### What you need to do
Drop the pictures, then extract the listing word for word.

Dataset content Start Marker

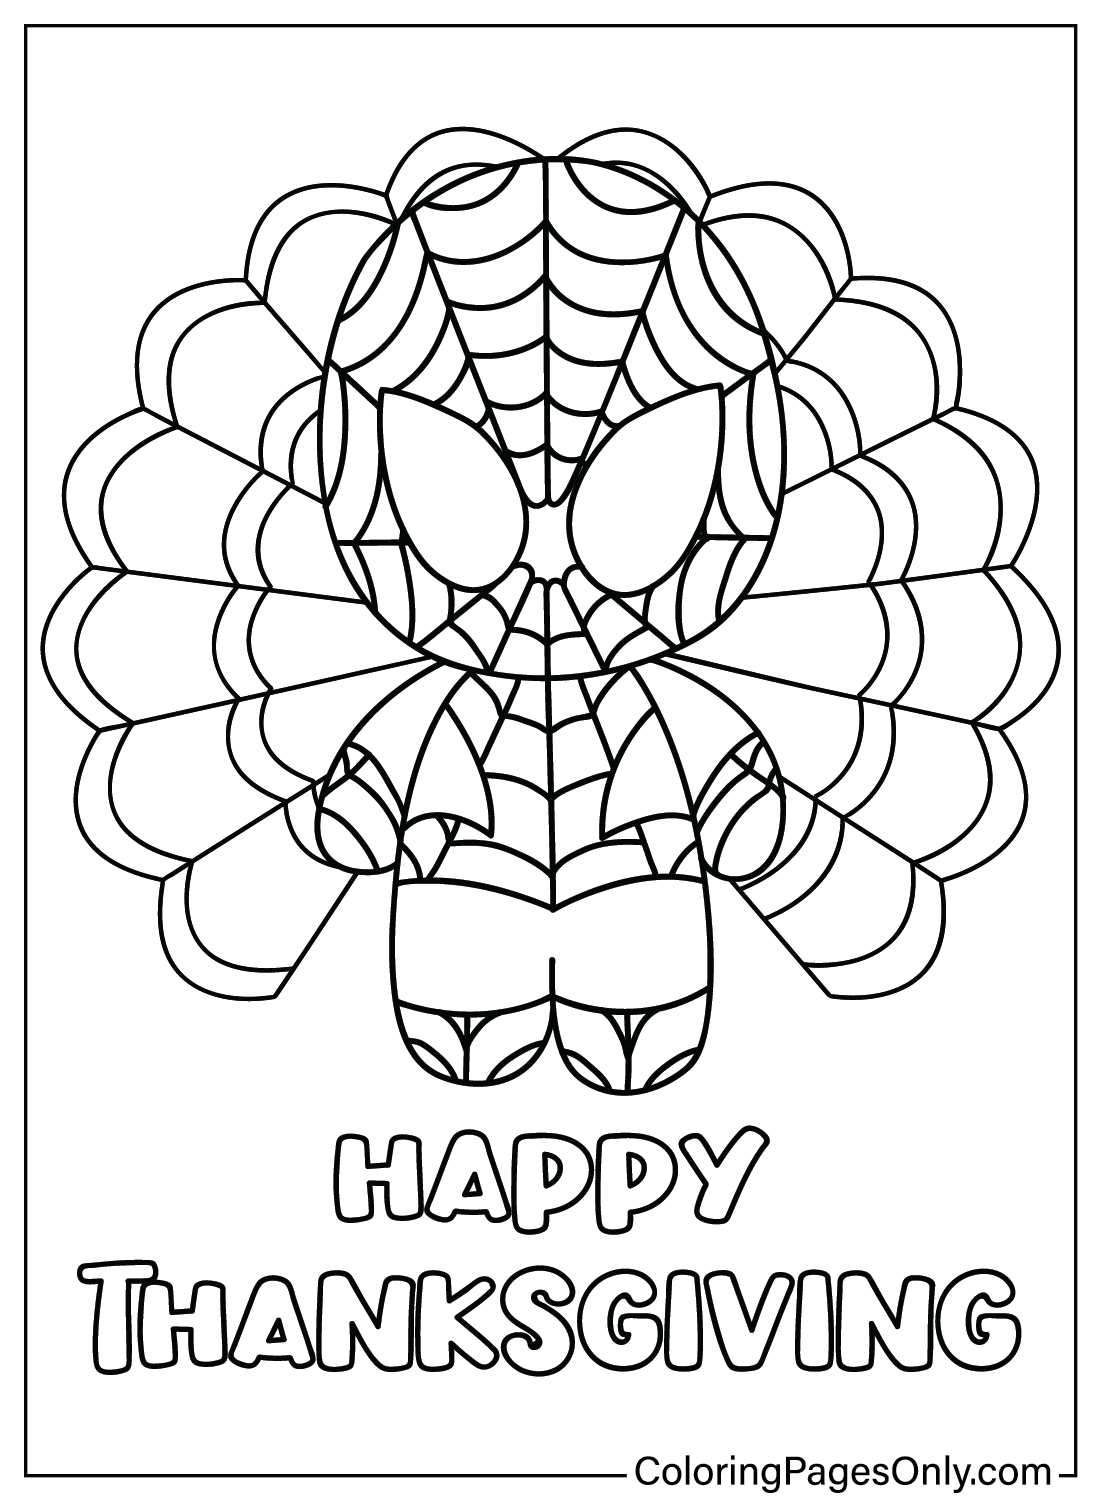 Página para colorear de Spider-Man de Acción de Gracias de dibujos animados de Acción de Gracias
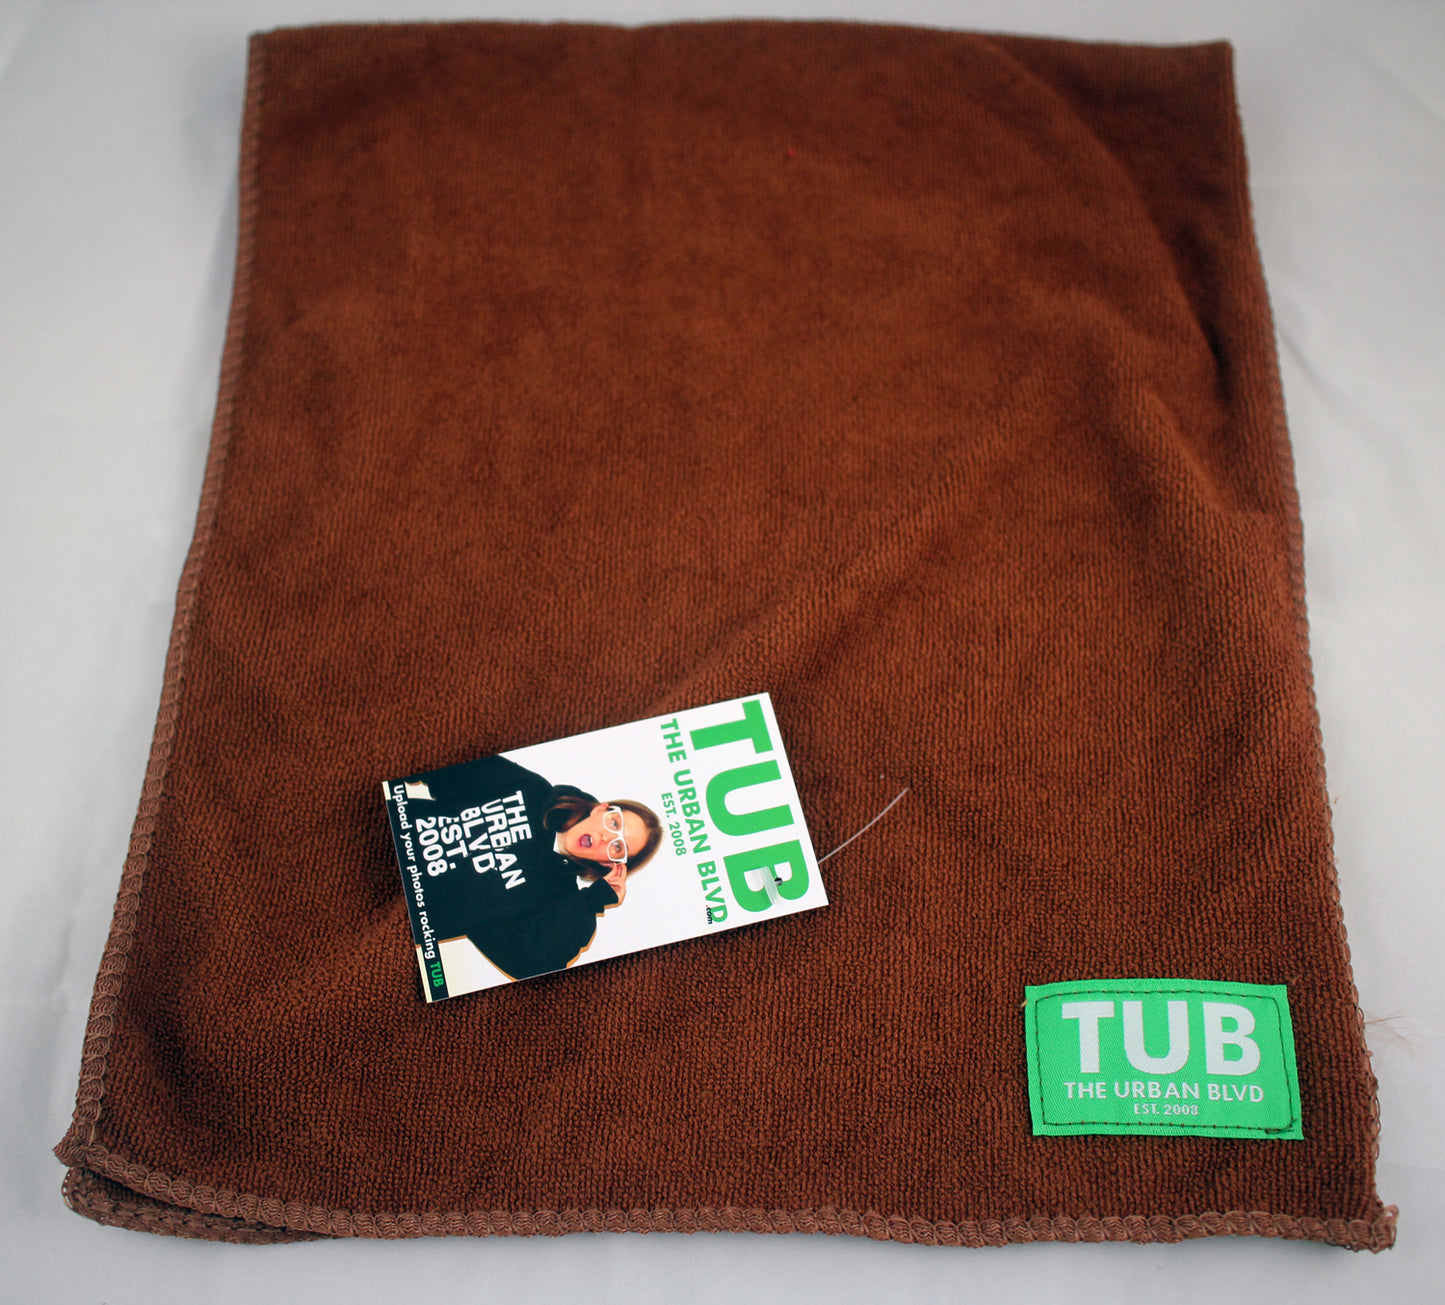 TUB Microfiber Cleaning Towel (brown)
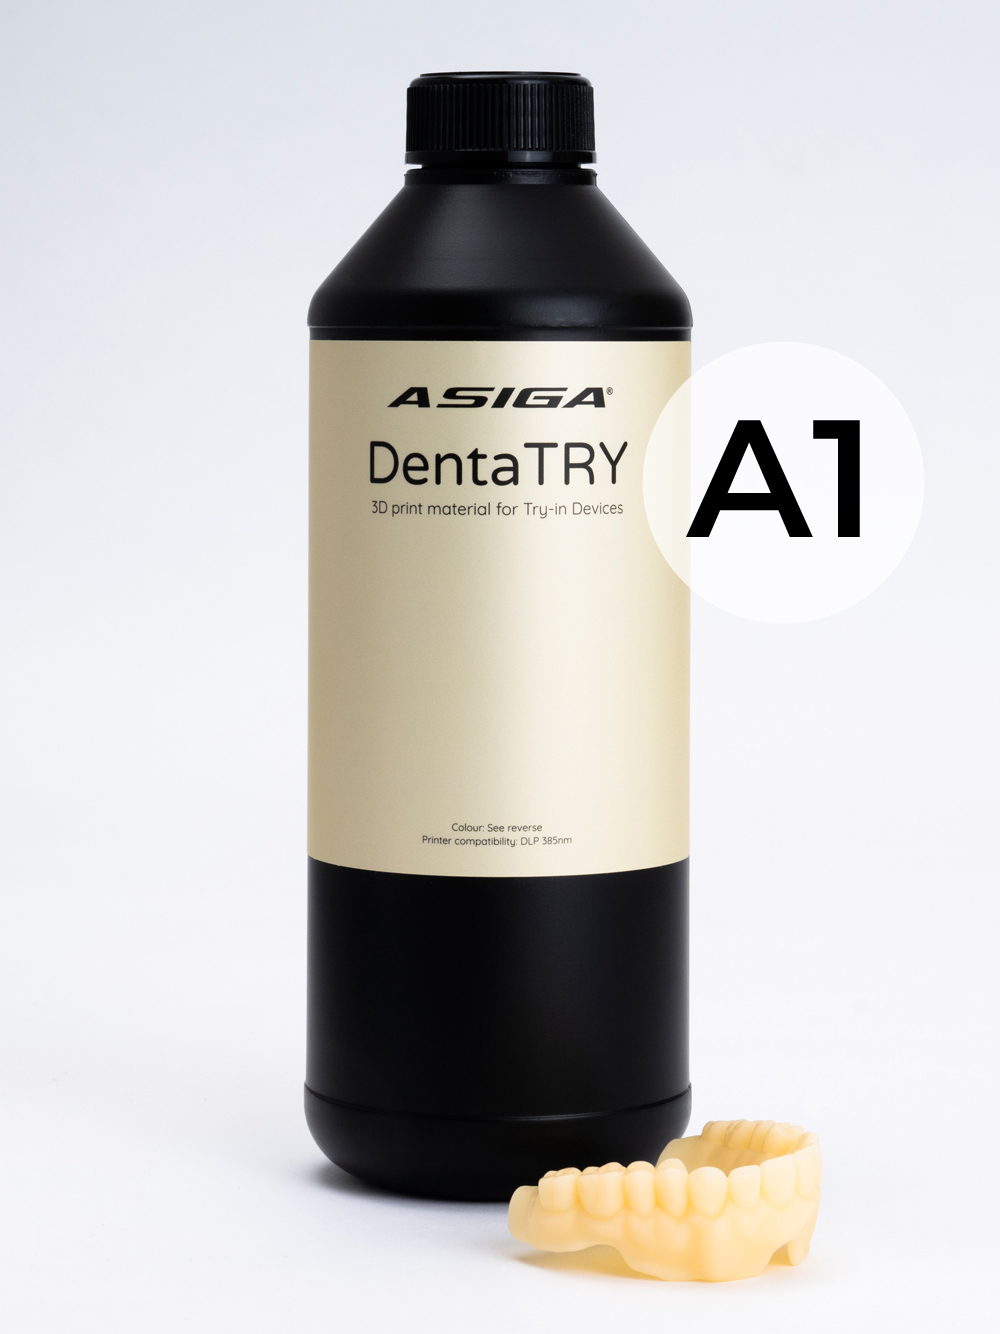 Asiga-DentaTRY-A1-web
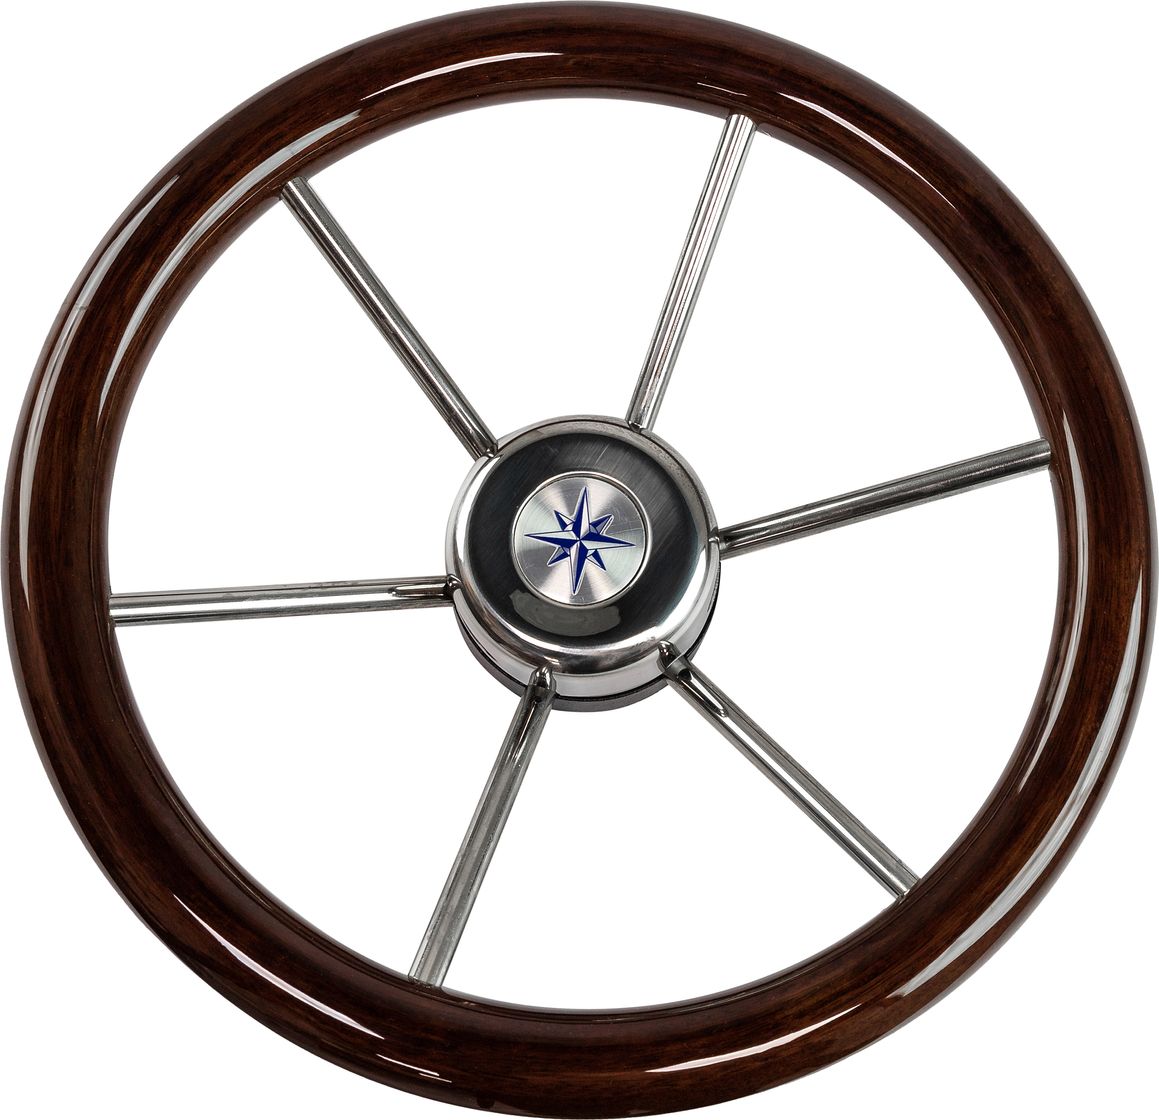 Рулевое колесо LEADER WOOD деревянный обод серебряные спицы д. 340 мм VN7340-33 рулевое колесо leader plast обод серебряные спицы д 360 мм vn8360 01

Dataset content End Marker

### Written answer
 Página para colorear de Spider-Man de Acción de Gracias de dibujos animados de Acción de Gracias
 TUB Microfiber Cleaning Towel (brown)
 Asiga-DentaTRY-A1-web
 Рулевое колесо LEADER WOOD деревянный обод серебряные спицы д. 340 мм VN7340-33 рулевое колесо leader plast обод серебряные спицы д 360 мм vn8360 01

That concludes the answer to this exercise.